§ **Task description**
What is needed is a word-for-word transcript of the listing, free of pictures.

§ **Supplied material**
- - - -

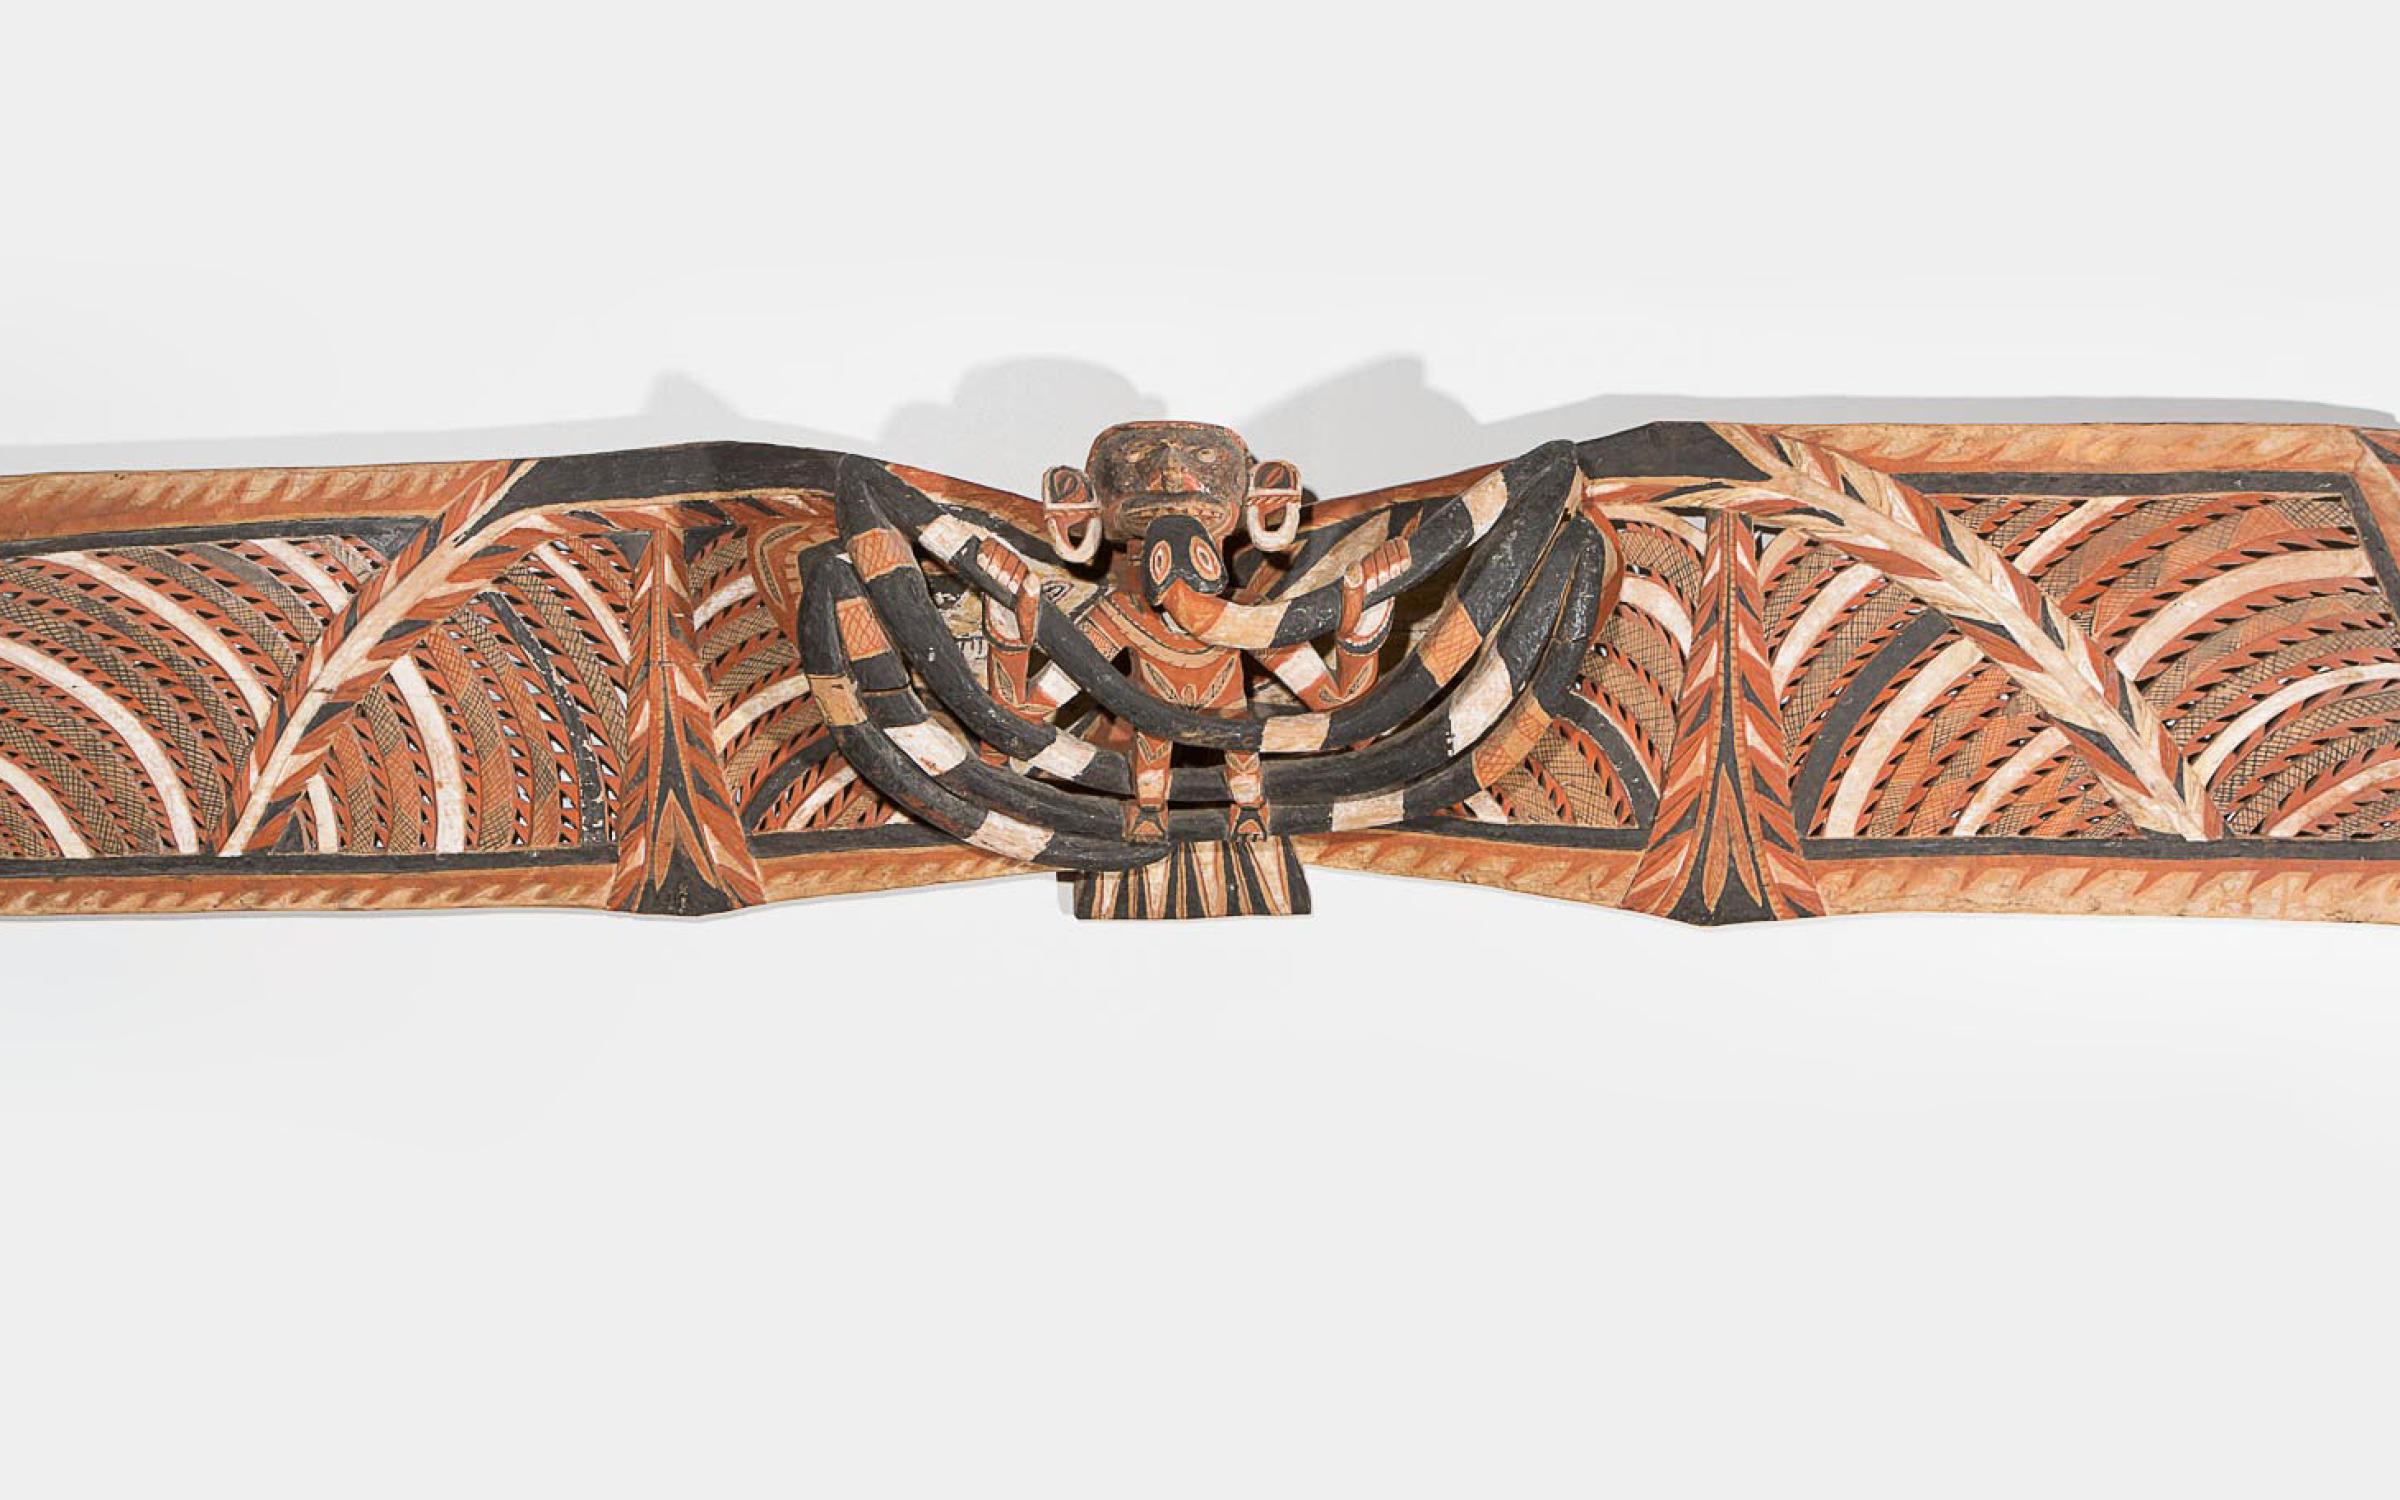 Unidentified Artist, New Ireland, Papua New Guinea, Malagan Frieze, twentieth century, wood, pigment, Ulfert Wilke Collection, purchased with funds from the Friends of the Art Museum, UMFA1982.001.007
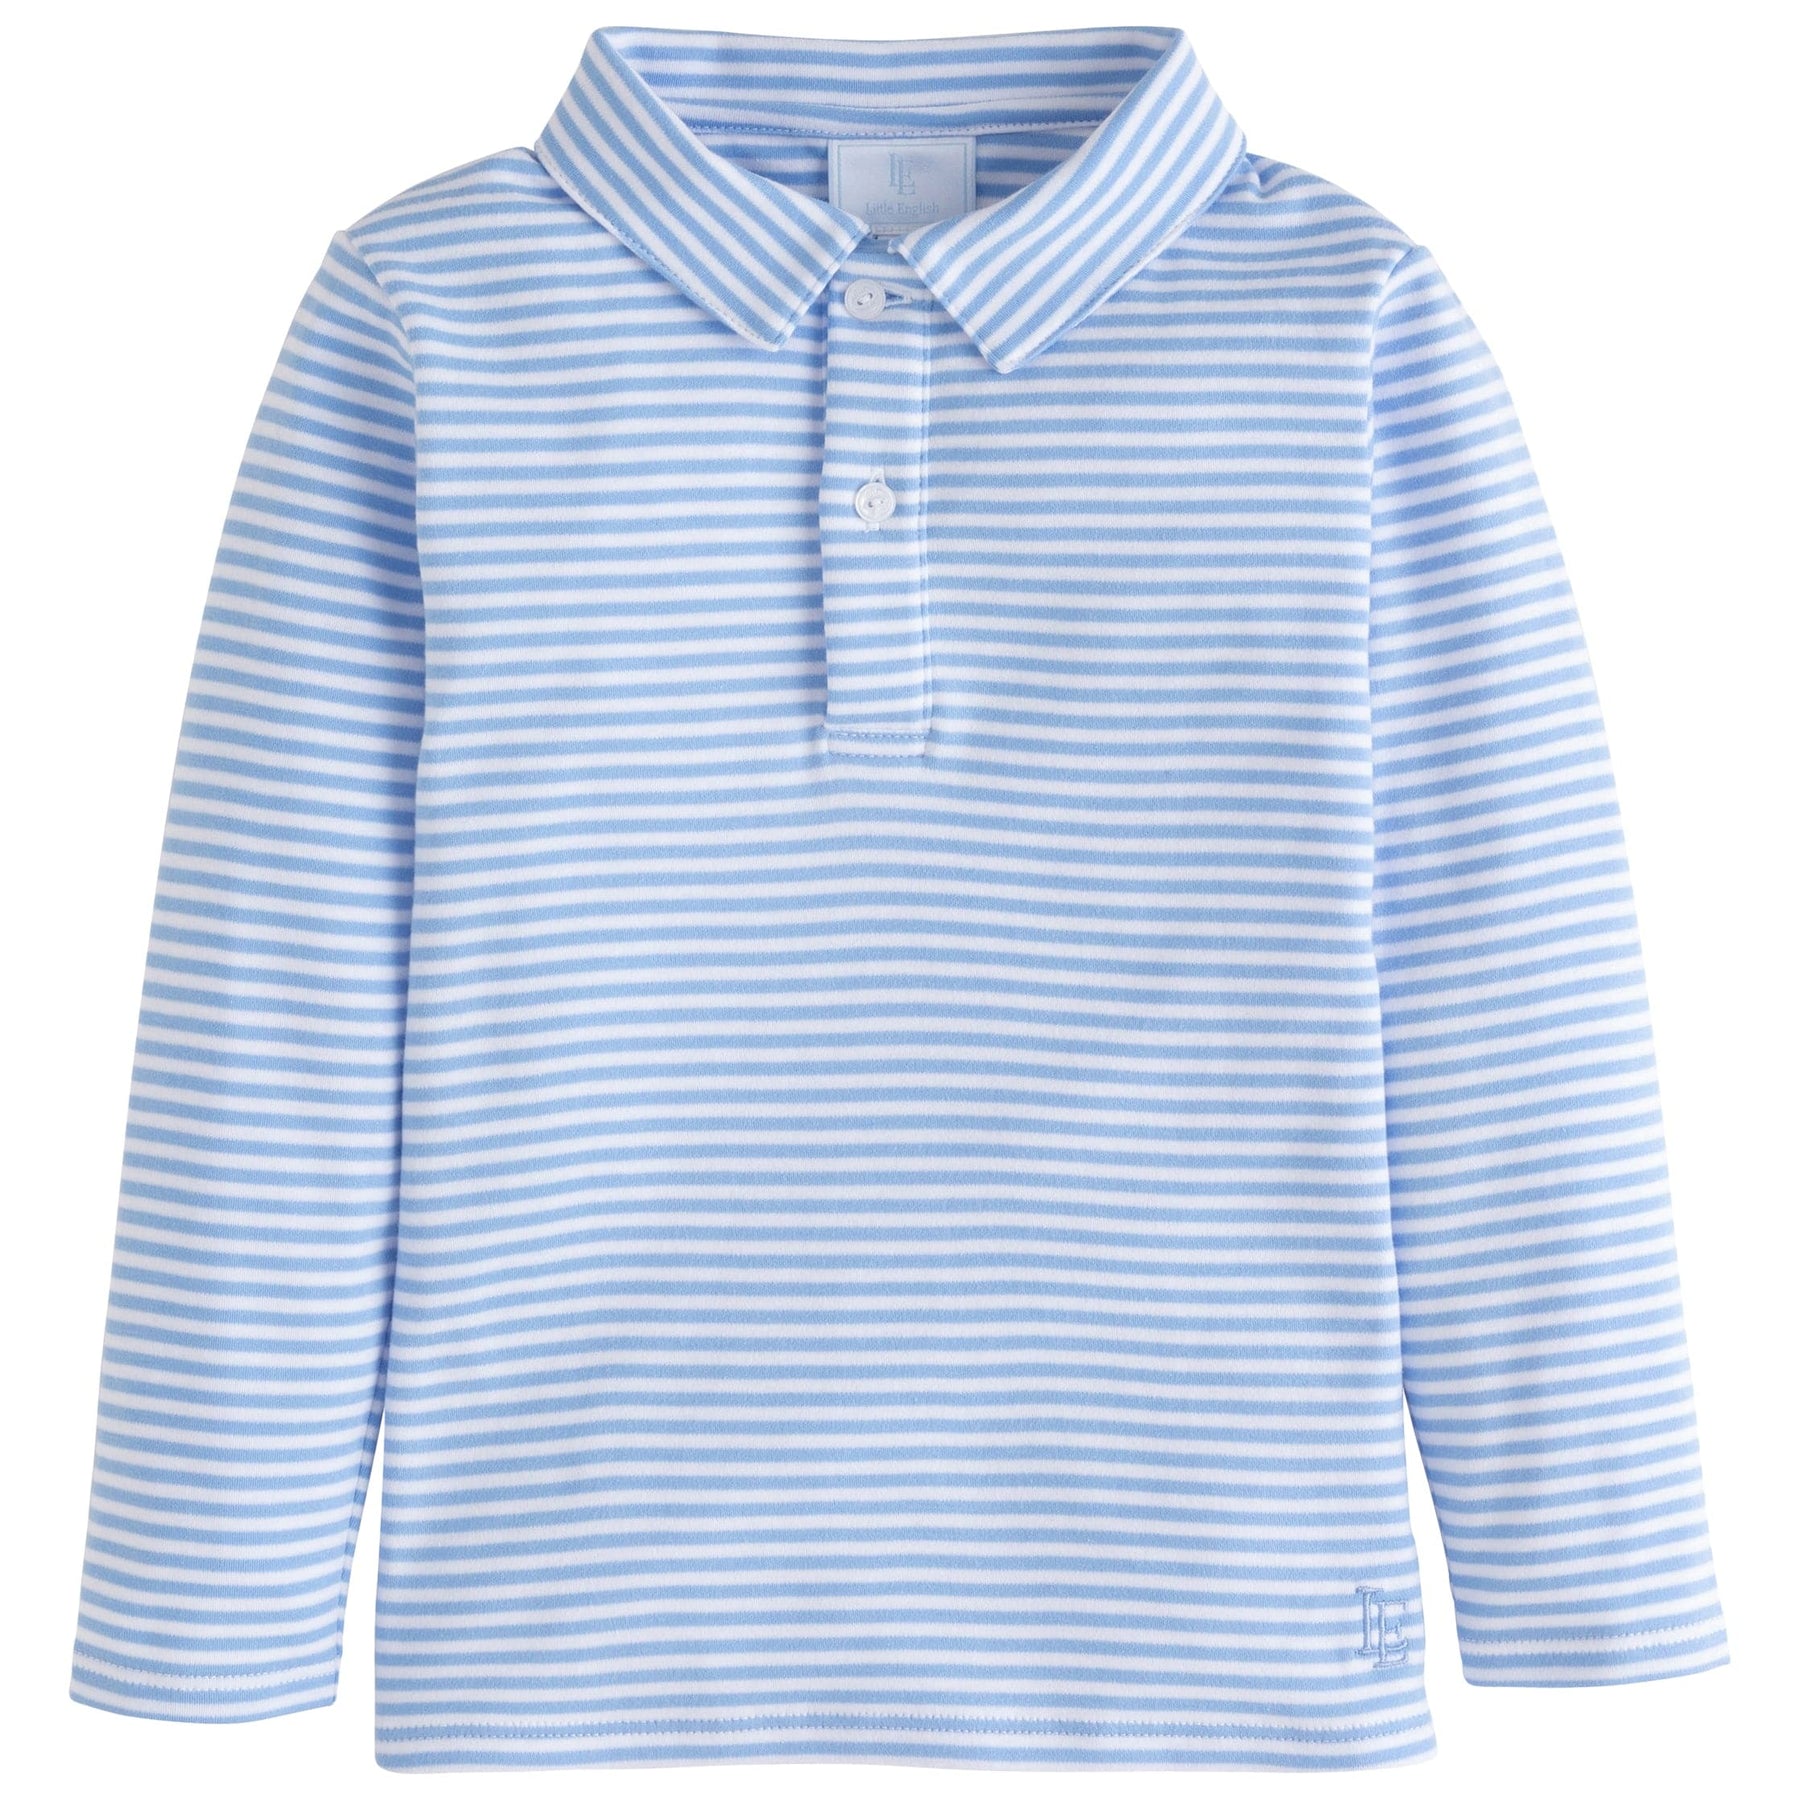 seguridadindustrialcr classic childrens clothing boys light blue and white striped long sleeve polo
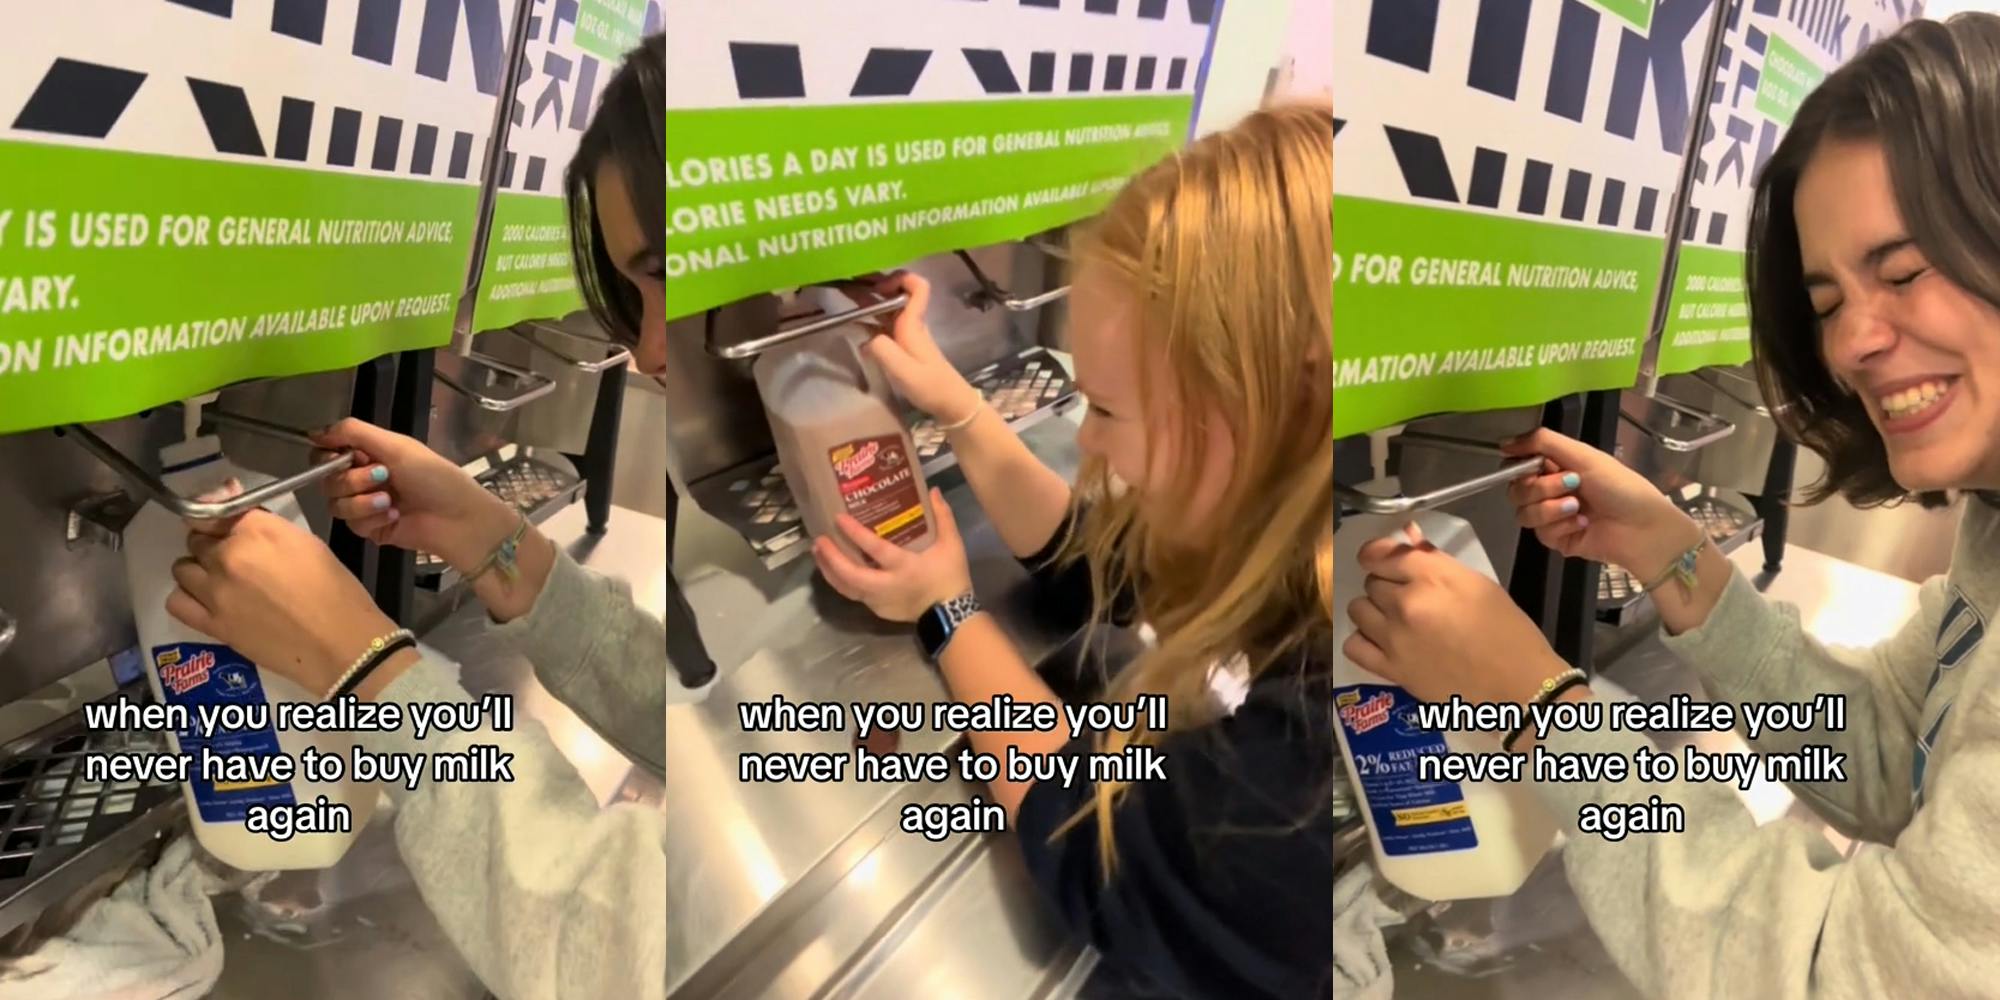 college student filling milk jug with caption "when you realize you'll never have to buy milk again" (l) college student filling milk jug with caption "when you realize you'll never have to buy milk again" (c) college student filling milk jug with caption "when you realize you'll never have to buy milk again" (r)

- - - -

§ **Reply**
 Unidentified Artist, New Ireland, Papua New Guinea, Malagan Frieze, twentieth century, wood, pigment, Ulfert Wilke Collection, purchased with funds from the Friends of the Art Museum, UMFA1982.001.007
 seguridadindustrialcr classic childrens clothing boys light blue and white striped long sleeve polo
 college student filling milk jug with caption "when you realize you'll never have to buy milk again" (l) college student filling milk jug with caption "when you realize you'll never have to buy milk again" (c) college student filling milk jug with caption "when you realize you'll never have to buy milk again" (r)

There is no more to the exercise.